Frankfurter Buchmesse: Das sind unsere 19 Leseempfehlungen für den Herbst

Oft hat T.C. Boyle seine Gabe, verschachtelte Handlungen in launigem Ton auszubreiten, eingesetzt, um gesellschaftliche Entwicklungen und Missstände widerzuspiegeln – mal in Andeutungen, mal plakativ, meist aus der inneren Sicht Einzelner, in die er hinein- oder auch hinabsteigt. Dieses Mal nicht. Rufen die Zeiten nach Eskapismus? Sicher, auch in „No Way Home“ nutzt Boyle meisterhaft die Methode des Perspektivwechsels – aber ohne eine größere Geschichte zu transportieren als die erzählte: Zwei Männer kämpfen um eine Frau, deren Bann sie sich nicht entziehen können, aber besser sollten.

Früh spürt man, dass der Sog der Erzählweise gegen die Wand führen wird. Schnell werden die Figuren plastisch, wenn auch nicht sympathisch. Allerdings stellen sich viele Nebencharaktere nur als falsche Fährte heraus. Oder nicht? Sind es Statisten, die die verkorkste US-Gesellschaft illustrieren? Liegt darin die Meta-Ebene dieses Romans – und eben nicht im toxischen Verhalten der streitenden Männer? Zuzutrauen wäre es Boyle.
T. C. Boyle: „ No Way Home”. Aus dem Englischen von Dirk van Gunsteren. Hanser. 384 Seiten. 28 Euro.
Zehn Jahre ist es her, dass Giulia Enders mit „Darm mit Charme“ zu ihrer eigenen Überraschung ein kolossaler Bestseller gelang. 23 Jahre alt war sie damals, und die Formel „Charmante Jungautorin + feinster Humor + ein degoutantes Körperthema = Welterfolg“ ging auf: Mehr als 8 Millionen Mal verkaufte sich das Buch. Für ihr zweites Werk hat sich Enders, inzwischen Ärztin, zehn Jahre Zeit gelassen. In „Organisch“ verfolgt sie eine originelle, aber auch steile These: Wenn es uns gelingen soll, den Zustand von Körper, Geist und Seele endlich ganzheitlich – eben „organisch“ – zu verstehen, wie die Natur es vorsieht, dann könnten wir damit beginnen, unsere Organe als eine Art „Persönlichkeit“ zu verstehen.

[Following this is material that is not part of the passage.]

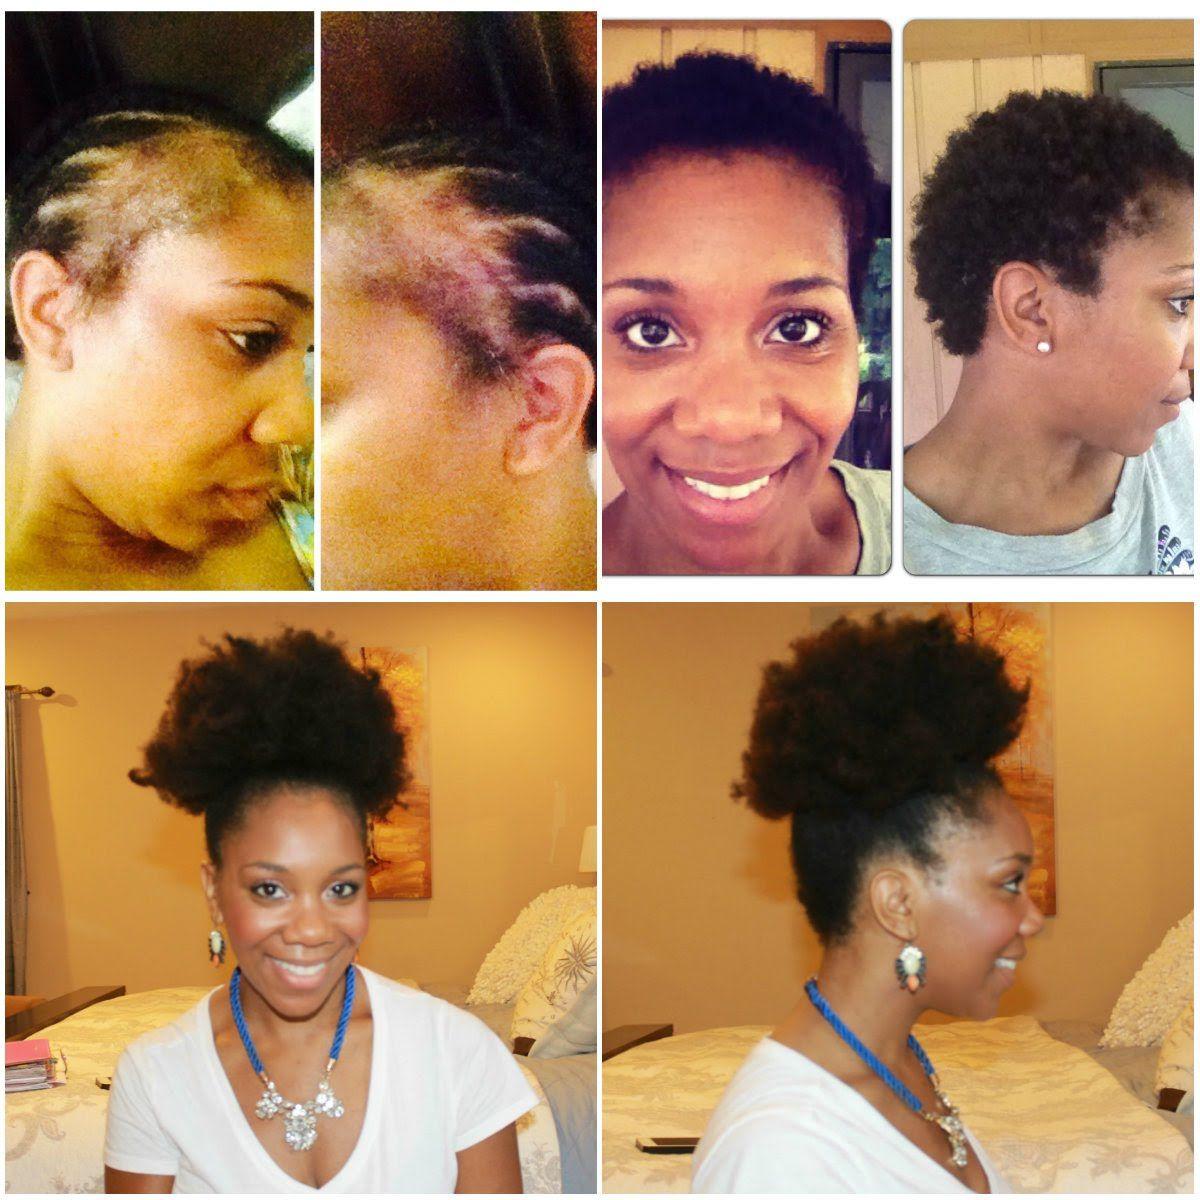 Fight Alopecia Naturally 10 Steps To Restoration Alopecia Natural Hair Natural Hair Loss Natural Hair Loss Treatment

Enders erinnern Leber, Herz oder Lunge gar an Familienmitglieder und Freunde. Das Ergebnis ist kein esoterisches Experiment, sondern ein lesenswerter und erkenntnisreicher Appell für ein umfassenderes Verständnis unserer selbst. „Organisch“ ist humorvoll, warmherzig und bestens informiert. Enders ist großartig darin, auch uns Körperkläusen komplexe Vorgänge klar und vergnüglich verständlich zu machen. Für den nächsten Lesegenuss möge sie sich nicht wieder zehn Jahre Zeit nehmen.
Giulia Enders: „Organisch“. Ullstein. 336 Seiten, 24,99 Euro.
Eine Adelsfamilie, die im Ungarn des beginnenden 20. Jahrhunderts zwischen die Mahlsteine der Geschichte gerät – der Roman „Lázár“ des Schweizer Autors Nelio Biedermann nimmt Leserinnen und Leser mit in seine eigene Familiengeschichte. Der gerade mal 22-jährige Autor stammt selbst aus einem ungarischen Adelsgeschlecht, das in den Wirren des untergehenden Habsburger Reiches, des Zweiten Weltkriegs und der sowjetischen Herrschaft über Ungarn alles verlor. Die Machtlosigkeit, mit der die Protagonisten in den Sog der Geschichte geraten, ist atemberaubend. Der Versuch, die Augen vor dem aufziehenden Sturm und dem Unrecht zu verschließen, ist verständlich – und doch zum Scheitern verurteilt.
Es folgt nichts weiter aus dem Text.